This morning, I thought I would write a poem that somehow combined elements of zombies, hospitalized Grandmas who aren't eating, and Advent, based on my post of a few days ago (and for those of you who want a more theological approach to zombies, see today's post on my theology blog). It wasn't going well.
I thought about writing a blog post here about whether or not I miss teaching. I always answer that I miss the classroom and the interactions with the students--but I do not miss the endless grading of essays. I thought about all the teachers out there who are finishing up autumn terms.

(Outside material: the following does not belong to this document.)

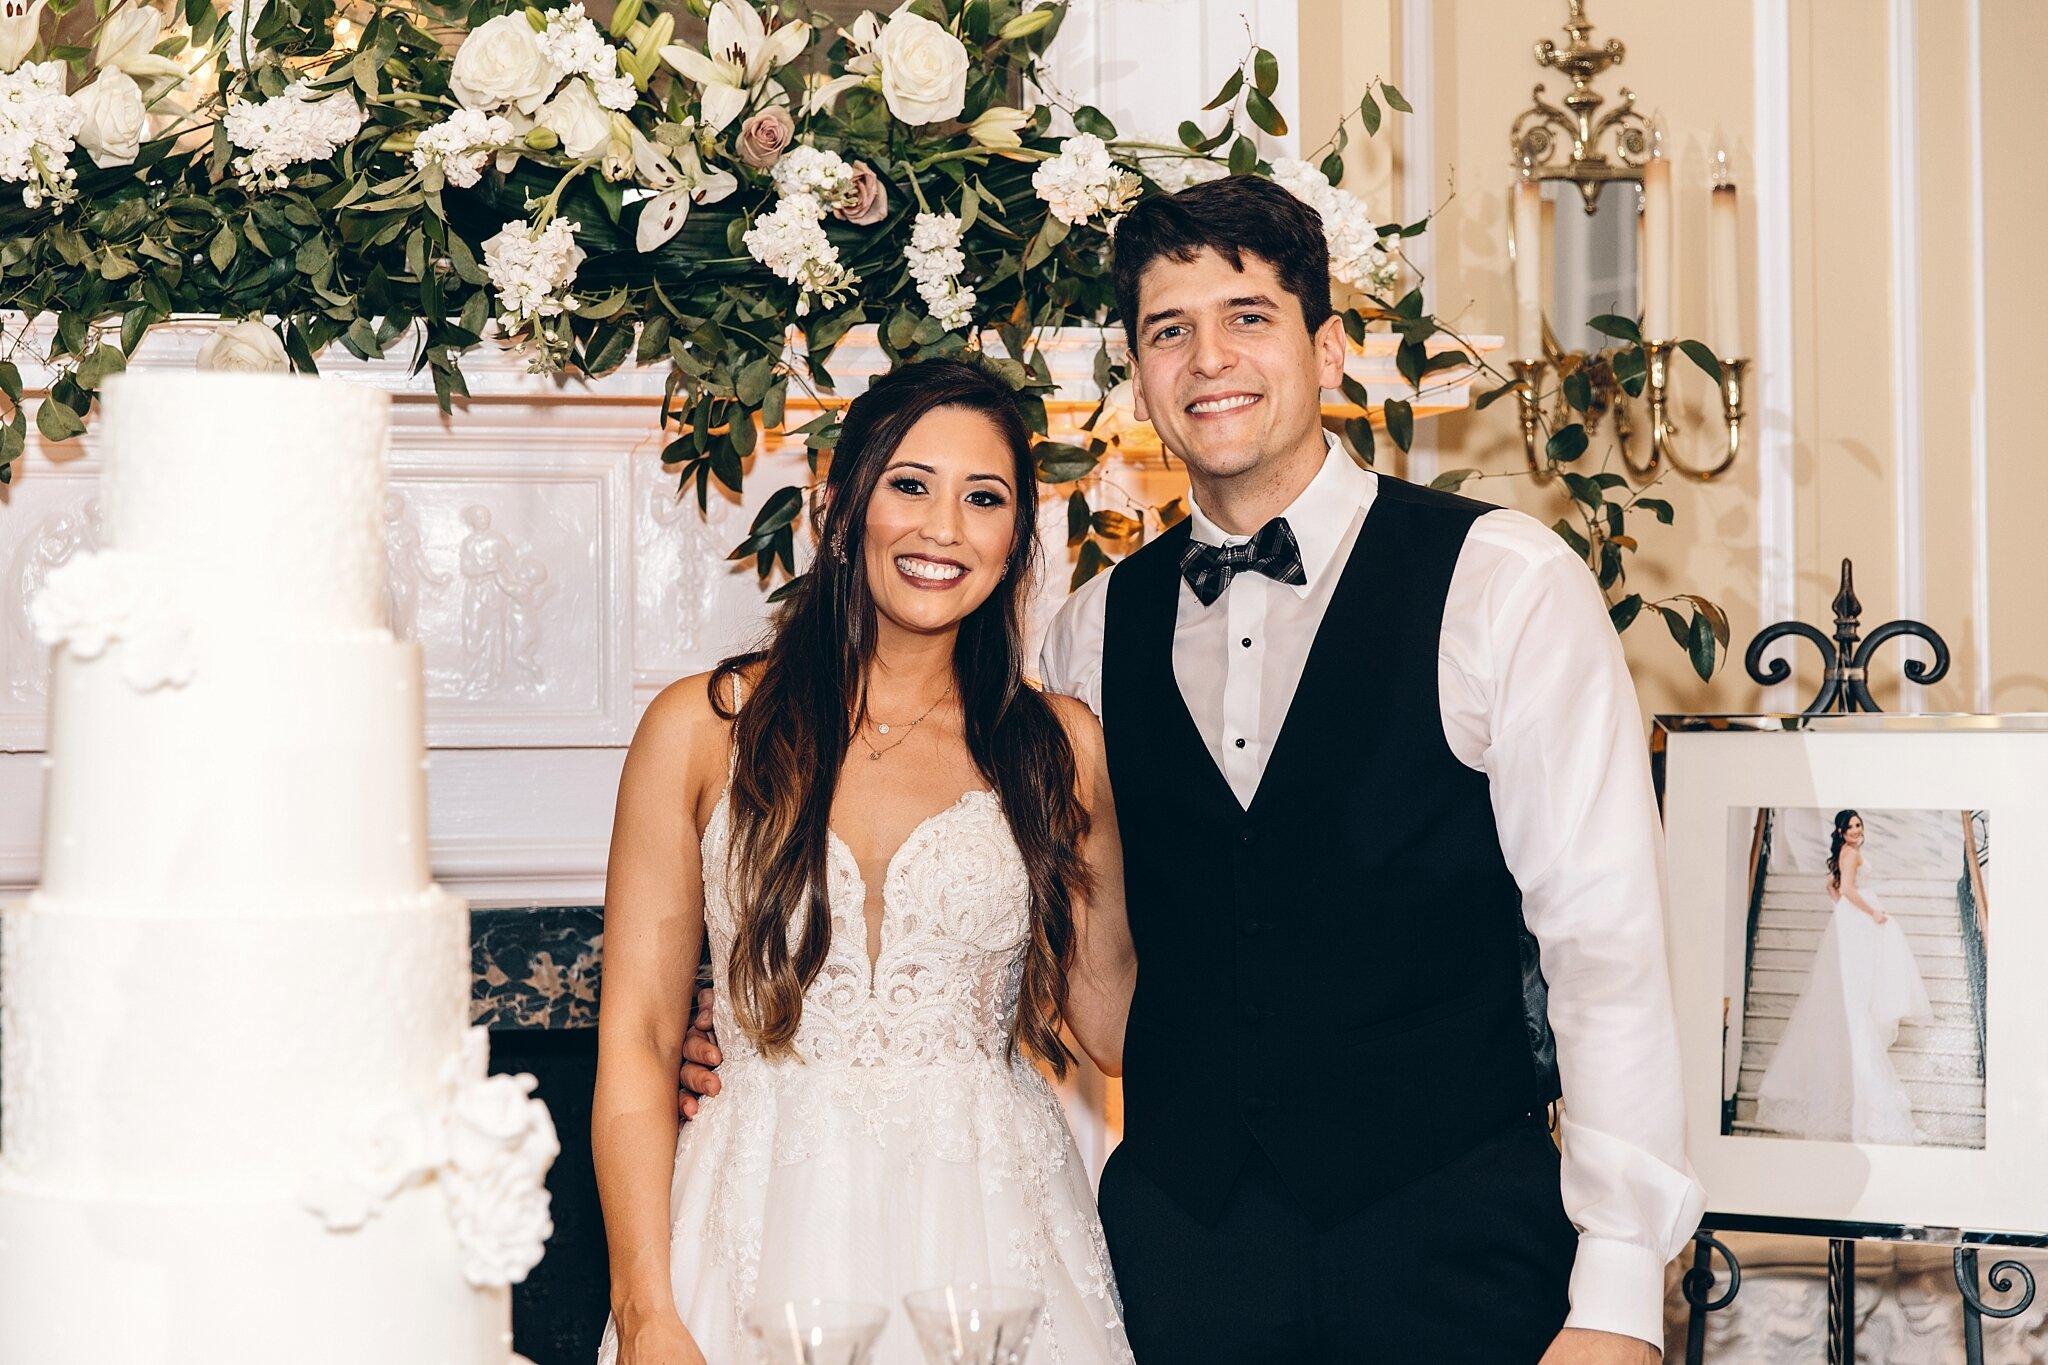 patrick-henry-ballroom-wedding-roanoke_0551.jpg

I thought about posting this sonnet from my 2nd chapbook, I Stand Here Shredding Documents:
All during that penurious winter,
while struggling to breathe and coughing up blood,
Keats wrote lines so achingly tender
and letters that came as if in a flood.
What a thing of beauty would be such letters,
so different from that horrid e-mail
that seeks to chain her in these fetters
with the quest to leave a paper trail.
Once she read the great odes.
Now she reads prose that’s spectre-thin.
She teaches all the Composition modes
to students with ears of tin.
How she yearns for poetry’s beaded bubbles.
But she gets incomprehensible sentences for her troubles.
I wrote this poem in 2009, during an autumn that included reading Stanley Plumly's biography of John Keats, Posthumous Keats, and seeing the wonderful Keats movie Bright Star (see this post and that post for what I was thinking at the time).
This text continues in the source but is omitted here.